To see the data exposed, see the GraphQL schema.

The server lets operators connect to an existing Archive Node Postgres database and provides application monitoring with Jaeger.

Finally, the server provides a set of environment variables to configure runtime options such as database connections, CORS origin, logging behaviour, etc.

Connecting to a Postgres database

The server will use the PG_CONN environment variable to establish a connection to a running Archive Node. Note that PG_CONN is a connection string, so the expected format looks like 'postgres://postgres:password@localhost:5432/archive'

The server additionally supports multi-host connections for high availability if you are running multiple Archive Nodes. For example, numerous connection strings can be passed to PG_CONN as 'postgres://localhost:5432,localhost:5433'. This works the same as the native psql command. Read more at multiple host URIs.

Connections will be attempted in order of the specified hosts/ports. On a successful connection, all retries will be reset. This ensures that hosts can come up and down seamlessly.

Connecting to a Jaeger server for logging

To run an instance of Jaeger locally, see the init_jaeger script. By running the script, a local instance of Jaeger will be instantiated with Docker with default environment variables. If you run it as is, you can access the Jaeger dashboard by visiting http://localhost:16686.

To enable logging to Jaeger, set the following environment variables:

ENABLE_JAEGER="true"
JAEGER_SERVICE_NAME="archive-api"
JAEGER_ENDPOINT='http://localhost:14268/api/traces'

ENABLE_JAEGER: Tells the server to allow Jaeger logging. If Jaeger logging is not enabled, all logs will be printed to stdout.

JAEGER_ENDPOINT: The specified URL for the running Jaeger service.

JAEGER_SERVICE_NAME: Specifies the service name to be used by Jaeger. The service name will be what identifies the service in the Jaeger logs.

Also, note that Jaeger supports distributed logging. This means that if you're running multiple instances of this server, you can specify the same Jaeger endpoint. All your logs will be consolidated in one place for simplified logging across all your server instances.

Environment Variables

This section aims to describe all the environment variables exposed to configure runtime behaviour:

  • PG_CONN: The connection string used to connect to either a single or multiple Archive Nodes.

  • ENABLE_INTROSPECTION: Enable or disable GraphQL introspection. GraphQL introspection is a feature of GraphQL that allows clients to inspect the capabilities of a GraphQL server. It enables clients to discover the types, fields, and other metadata available on the server and query it using this information.

  • ENABLE_GRAPHIQL: GraphiQL is an in-browser tool for working with GraphQL APIs. It provides a user-friendly interface for constructing and executing GraphQL queries, making it easier for developers to test and debug their GraphQL applications. GraphiQL is an excellent tool for development and testing, but it should be considered disabled in a production environment for security-related reasons.

  • ENABLE_LOGGING: Enables logging to either Jaeger or to stdout. If ENABLE_JAEGER is not defined, but ENABLE_LOGGING is, all logs will be directed to stdout. If ENABLE_JAEGER is specified, all logs will be directed to the Jaeger server. Logging is done using OpenTelemetry

  • ENABLE_JAEGER: Enable or disable logging to a Jaeger server.

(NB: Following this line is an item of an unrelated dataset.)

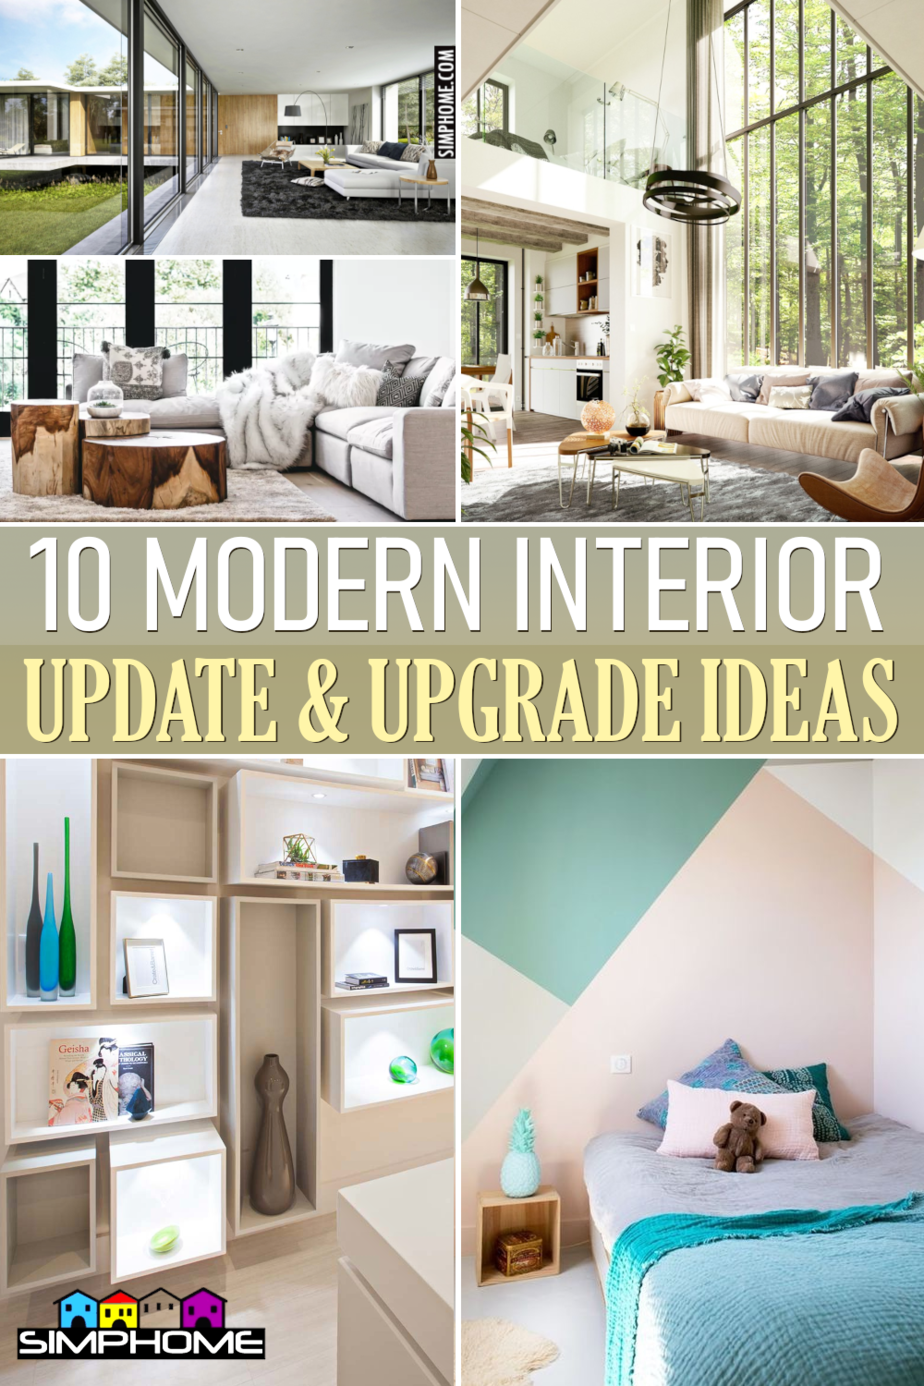 10 Modern Interior Makeover Ideas via Simphome.comFeatured

If not enabled, all logging is done through stdout.

  • JAEGER_ENDPOINT: A URL that specifies a running Jaeger instance to send logs to. If the ./scripts/init_jaeger.sh was run to instantiate a local instance of Jaeger, the endpoint will be http://localhost:14268/api/traces.

  • JAEGER_SERVICE_NAME: The name used to specify your service within Jaeger. This name will be used to identify your specific running server.

  • PORT: The port to be used when running the server. By default, it will use port 8080.

  • LOG_LEVEL: Specifies the level of logs to emit from GraphQL Yoga. See documentation here for more details.

  • CORS_ORIGIN: Specify the CORS origin if you wish to run this server behind a proxy. By default, the server will return Access-Control-Allow-Origin: *.

To see an example of sensible defaults, see the env.example configuration file.

Starting the server

To start the server, run

npm run build
npm run start

This will start the server and allow you to interact with the GraphQL API at http://localhost:8080.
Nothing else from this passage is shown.